To categorize sources into distinct media groups, I'd rely on the human psychological concept of "social hierarchy detection" or "group leadership evaluation". This principle suggests that humans naturally organize themselves around leaders in a group, who help the group survive and thrive. Similarly, I believe the media landscape is organized around dominant players. In mainstream media, outlets like The New York Times and The Washington Post come to mind. For alternative media, I'd identify influential figures such as Alex Jones, whose channels consistently challenge the mainstream media's coverage and draw a large audience seeking this type of information. This is likely due to widespread dissatisfaction with mainstream media, which may stem from valid reasons.

To gather news from mainstream media outlets, I would utilize Really Simple Syndication (RSS), a technology developed by Aaron Swartz, a remarkable open-source advocate. RSS enables any website to organize its content – be it news articles or other types of information – in a standardized format, facilitating seamless communication between different domains and data structures. This standardization allows for easier access and use of the data, as it clearly defines which fields are required, optional, and what the expectations are.

Information is power. But like all power, there are those who want to keep it for themselves.

While this approach may be effective for mainstream media outlets, it wouldn't apply to alternative media groups due to a fundamental difference: not all alternative media sources have websites that support RSS feeds, unlike the standardized structure found in mainstream media.

To extract necessary information from an alternative media group, I decided to use Telegram, a messaging platform. The reason for this choice is a story worth sharing. In 2020, as the pandemic locked down our planet, I began questioning the main narrative being spun by mainstream media. Upon thorough investigation of media coverage at the time, it became clear that it fit the definition of propaganda: one-sided reporting with no airtime given to experts in their respective fields to challenge the stories being presented at such a speed and momentum that viewers barely had time to stop, think, and reflect on what was being said.

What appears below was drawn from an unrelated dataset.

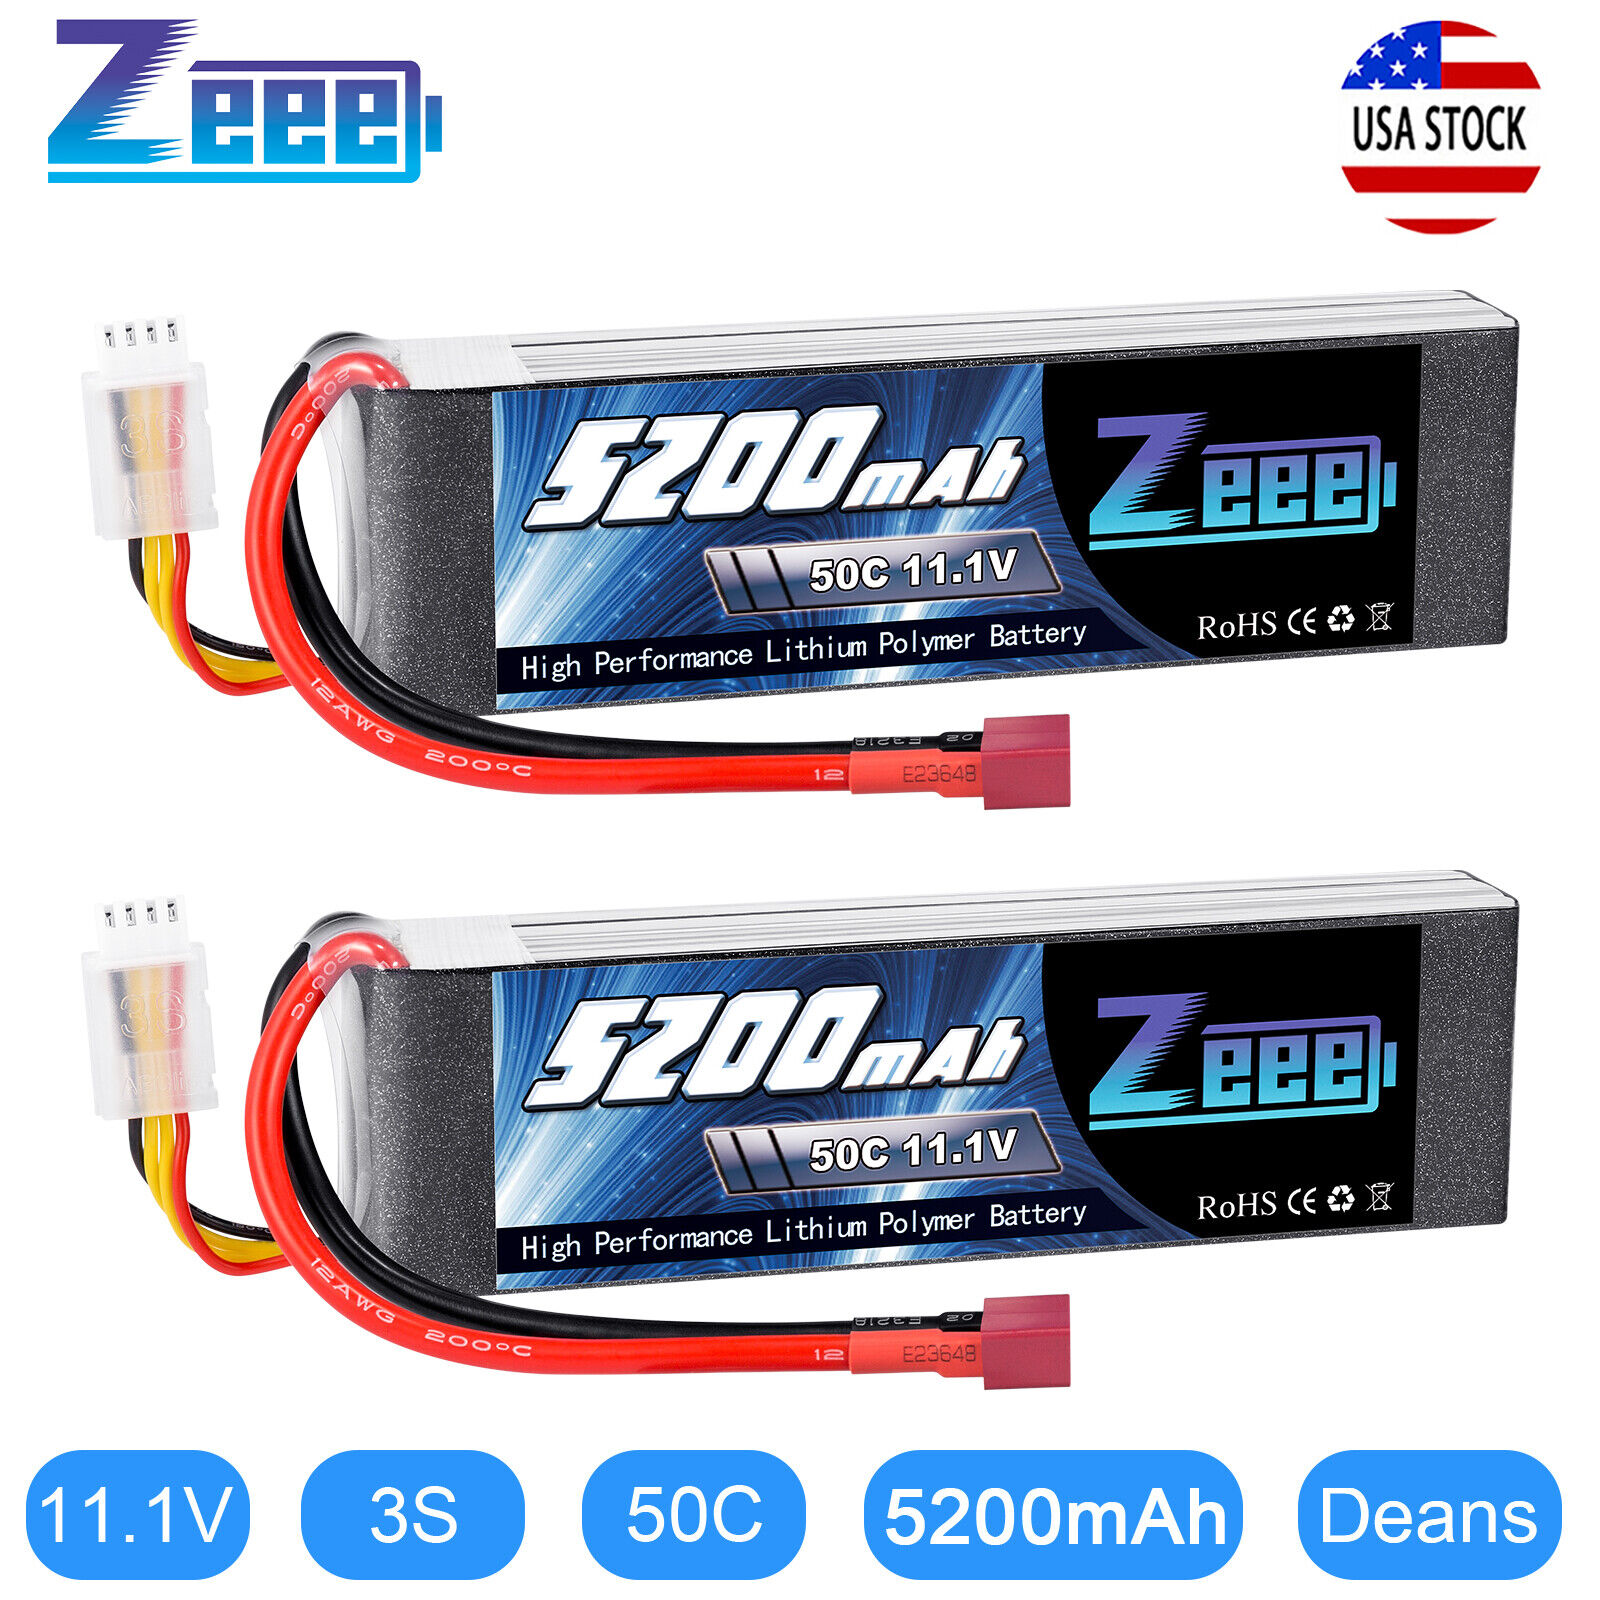 2PCS Zeee 11.1V 5200mAh 50C 3S LiPo Battery Deans for RC Car Helicopter Airplane ZEEE Does Not Apply

As I continually questioned the information provided by mainstream media sources about the event unfolding in 2020, I found myself seeking out alternative voices and media outlets that offered a higher level of competence and conversational quality on this topic. The gap between these reliable sources and the mainstream media's coverage grew increasingly apparent, prompting me to take a more proactive role in addressing and shedding light on some of the key issues surrounding this pivotal event.

As I continued to explore online interviews, I eventually came across a conversation with a former investment banker from Denmark who had founded a political party called JFK21. Intrigued by what I learned, I decided to take the S train to their offices one day for an open meeting they were hosting.

While there's more to the story than what I'll share here, I can summarize that my investigation ultimately revealed that this political party, led by a former investment banker turned whistleblower, is likely connected to the Danish secret service. This insight came from his own words during one of our meetings, where he mentioned that everyone who attends their gatherings is monitored by the secret service. Interestingly, the party's logo bears a resemblance to Palantir's software, which is used by the Danish police and may also be utilized by the secret service.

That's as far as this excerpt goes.